Of course, I had $l\to \infty$ in mind. For your second remark, what if I assume f smooth around 1? Don't the derivatives of $p_l$ converge to the derivatives of $f$ at 1, as $l\to \infty$? –  pilipilax Jan 21 '13 at 15:38
    
No they don't. For example, if $p_j(x) = T_j(x)/j$ where $T_j$ is the $j$'th Chebyshev polynomial of the first kind, $p_j \to 0$ uniformly on $[-1,1]$ but $p_j'(1) = j$. –  Robert Israel Jan 21 '13 at 19:19
    
Here is the reasonning that maybe makes me misunderstand: Let $a\in [0,1]$ on which every $p_l$ and $f$ are differentiable. In $\tfrac{p_l(x)-p_l(a)}{x-a}=\tfrac{p_l(x)-f(a)}{x-a} + \tfrac{f(a)-p_l(a)}{x-a}$, the first term tends to $\tfrac{f(x)-f(a)}{x-a}$ and the second to $0$ as $l\to\infty$. So when $x\to a$, we have the equality of derivatives.
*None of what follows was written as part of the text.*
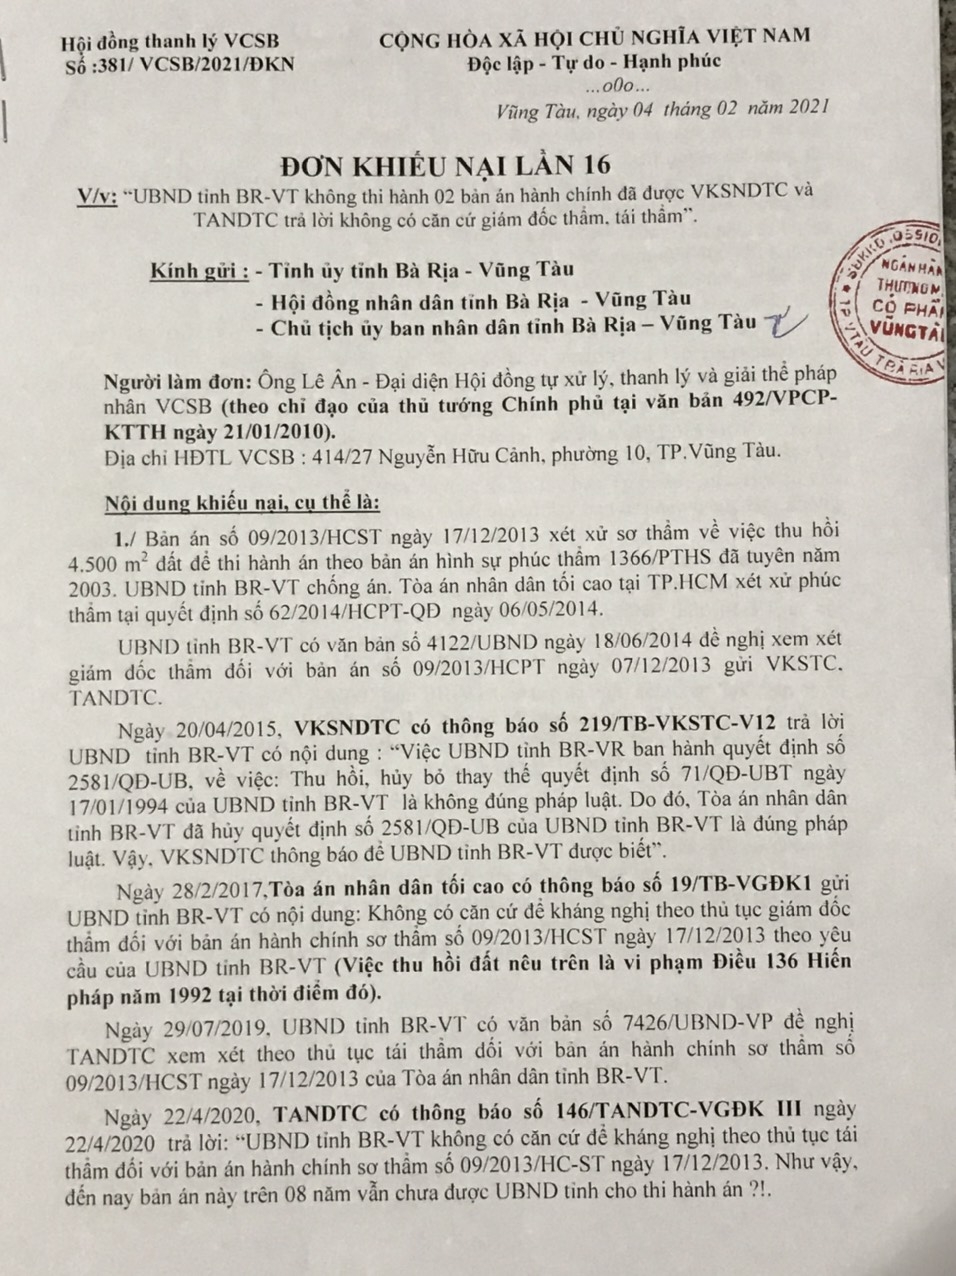 Đại gia Lê Ân gửi đơn khiếu nại lần thứ 16 yêu cầu tỉnh Bà Rịa-Vũng Tàu thi hành 2 bản án hành chính

Am I wrong? –  pilipilax Jan 22 '13 at 10:23

1 Answer 1

Note that the quantity $\lambda p$ depending on the parameter $x$, as you define it for polynomials $p(t):=\sum_{k=0}^m a_k t^k$, that is $$(\lambda p )(x)=\sum_{k=0}^m a_k \frac{1}{1+k/x}\, , $$ can be extended to a positive, bounded linear operator $$\lambda :C^0([0,1])\to C^0_b([0,\infty))$$ taking the function $f\in C^0(I)$ to
$$(\lambda f)(x):=\int_0^1 xt^{x-1}f(t)dt\, .$$ In particular, $(\lambda f)(x)=f(1)+o(1)$ as $x\to+\infty$. For $f\in C^1([0,1])$ we also have, integrating by parts $$(\lambda f)(x)=f(1)-\int_0^1 t^x f'(t)dt=f(1)-f'(1)/x+o(x^{-1}),\qquad (\mathrm{as}\, x\to+\infty) \, .$$

$$*$$

You can also write, changing variable in the integral, ($t=e^{-\tau}$) $$(\lambda f)(x):=x \int_0^{+\infty} e^{-\tau x}f(e^{-\tau})d\tau\, .$$
Thus your $\lambda f$ is the Laplace transform of $f(e^{-\tau})$, times $x$. Thus you can profit of the asymptotic theory for Laplace transform of functions, developed in most textbooks on the subject.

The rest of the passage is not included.